Introduced under the SECURE Act, PEPs allow unrelated employers that meet certain requirements (such as having the same "pooled plan provider," typically a bundled recordkeeper or third-party administrator) to band together to participate in a single retirement plan, in order to take advantage of their collective purchasing power to obtain lower fees and better services. Note that PEPs are limited to 401(k) plans. Defined benefit plans, 403(b) plans, governmental 457(b) plans and multi-employer plans for collectively bargained employees are excluded from the new PEP provisions.
What Are MEPs?
MEPs allow related businesses (e.g., plumbing companies) to band together in a manner similar to PEPs to participate in a single retirement plan. While MEPs existed prior to the SECURE Act, they are now easier to establish. The "one bad apple" rule, where the compliance failures of one employer could disqualify the entire plan, was eliminated by the SECURE Act. Additionally, smaller MEPs (and PEPs), with fewer than 1,000 participants, are exempt from a potentially expensive audit requirement, as long as no one employer exceeds 100 participants.
What Are GoPs?
A GoP is another new type of plan established by the SECURE Act, in which employers (whether unrelated, related or part of the same controlled group) can file a single Form 5500 for multiple defined contribution plans. The plans must have the same trustee, administrator, fiduciaries, investments and plan year in order to be considered a GoP. However, unliked PEPs or MEPs, GoPs are not single plans, but rather a single Form 5500 filing.
Unfortunately, for plan sponsors looking to adopt a GoP, it appears that the audit exception for smaller MEPs described above will not apply, unless the U.S. Department of Labor issues guidance to the contrary. Therefore, a small plan that is consolidated into a larger Form 5500 filing may potentially subject itself to an expensive audit requirement when none existed before.
Where Do We Go from Here?
The expansion and creation of these arrangements is a benefit for plan sponsors of smaller retirement plans. For existing MEPs, the SECURE Act created an opportunity to band together with each other to create a "super" PEP, and this arrangement may have the power to dramatically lower fees and enhance services for those participating employers.
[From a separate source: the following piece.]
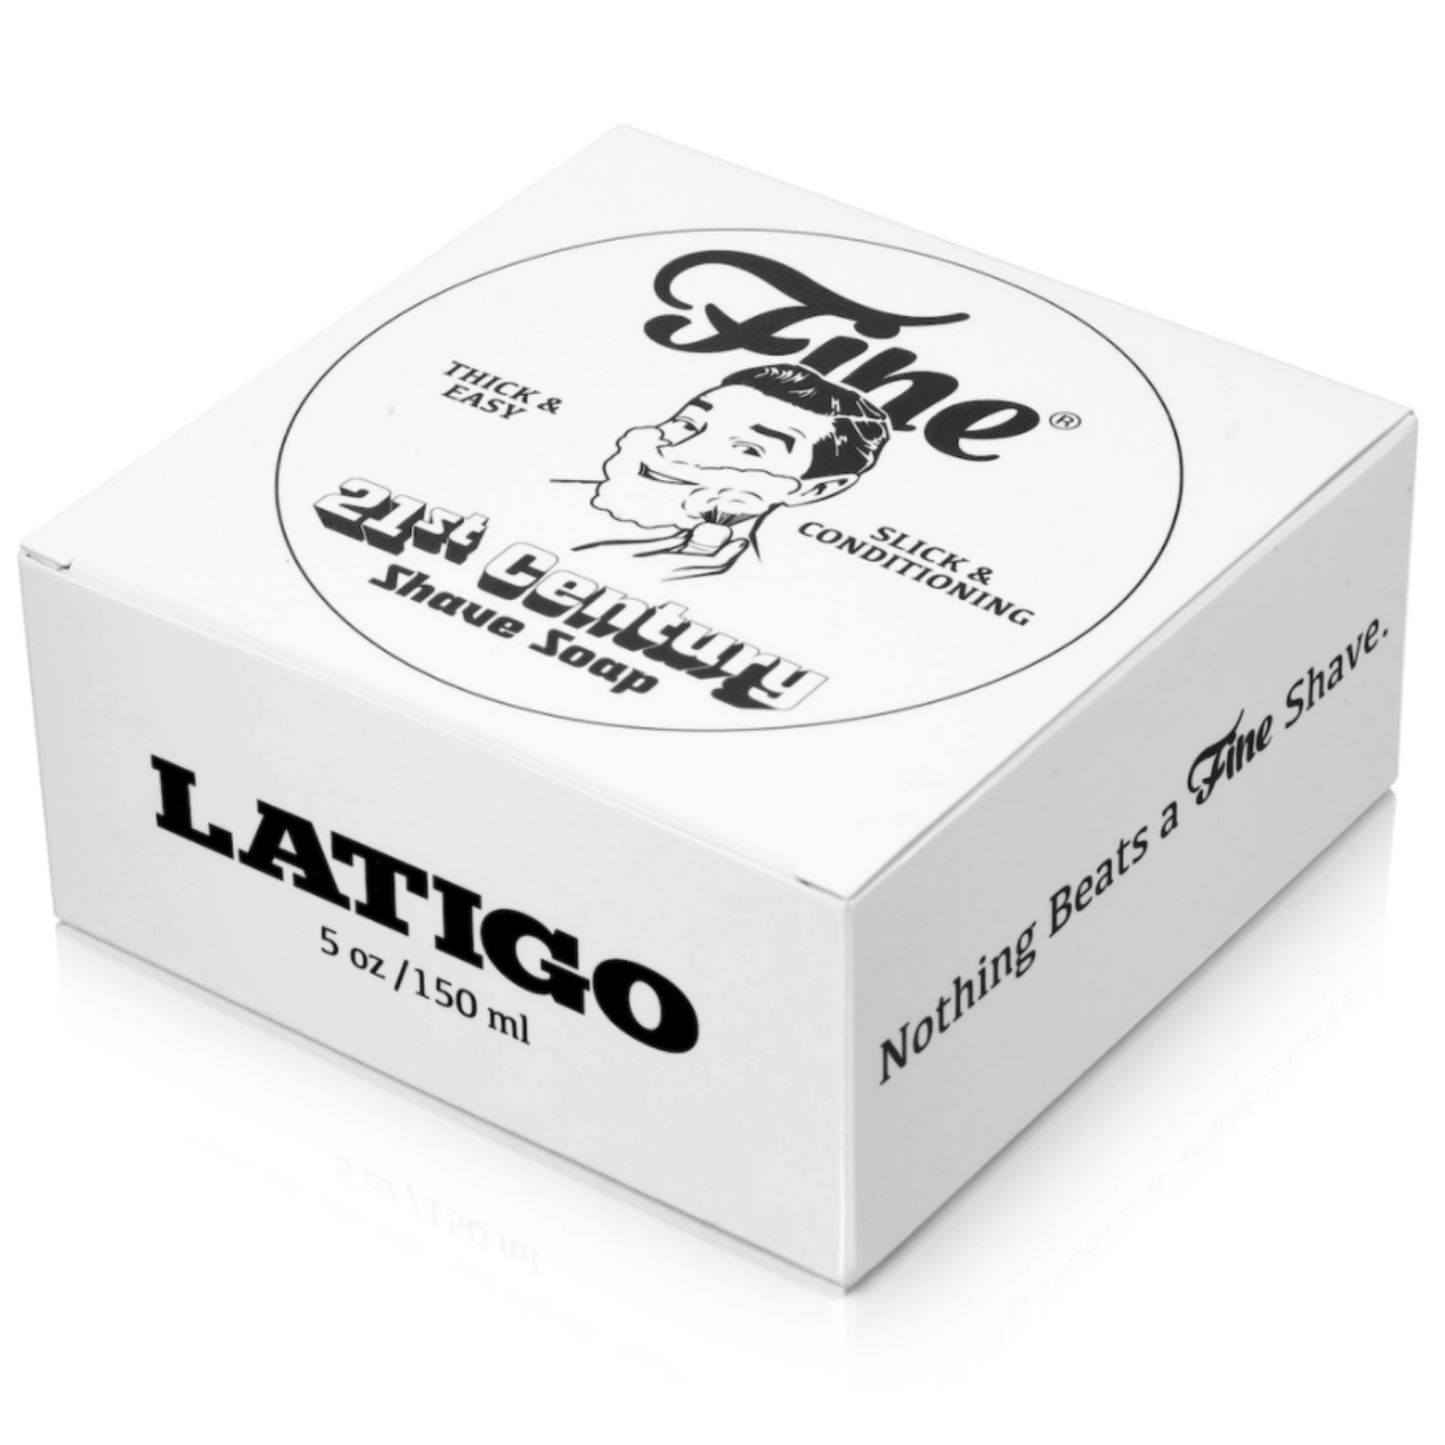 Fine Accoutrements Latigo Shaving Soap (5 oz) #10083300

However, MEPs have been around for some time without widespread adoption, due the fact that they are primarily used by small employers with limited options. This makes it difficult for the plans to accumulate assets and obtain the type of purchasing power to deliver on the promise of lower fees and enhanced services.
Despite the efforts of the SECURE Act to broaden these arrangements, it did nothing to address the fundamental issue, which will likely prevent MEPs (and PEPs) from becoming a retirement plan industry game-changer.
Although less hyped, in practice, GoPs may actually be the most successful arrangement. However, retirement plan sponsors will need to wait until regulations are issued to determine how these consolidated Form 5500s will work.
While PEPs, and the new MEP rules are effective in 2021, the GoP provision is not effective until the 2022 plan year Form 5500 filings.
While the SECURE Act's expansion of MEPs and creation of PEPs and GoPs may not be the panacea for smaller retirement plan sponsors, these changes are a positive step in providing individuals with greater access to retirement plan benefits.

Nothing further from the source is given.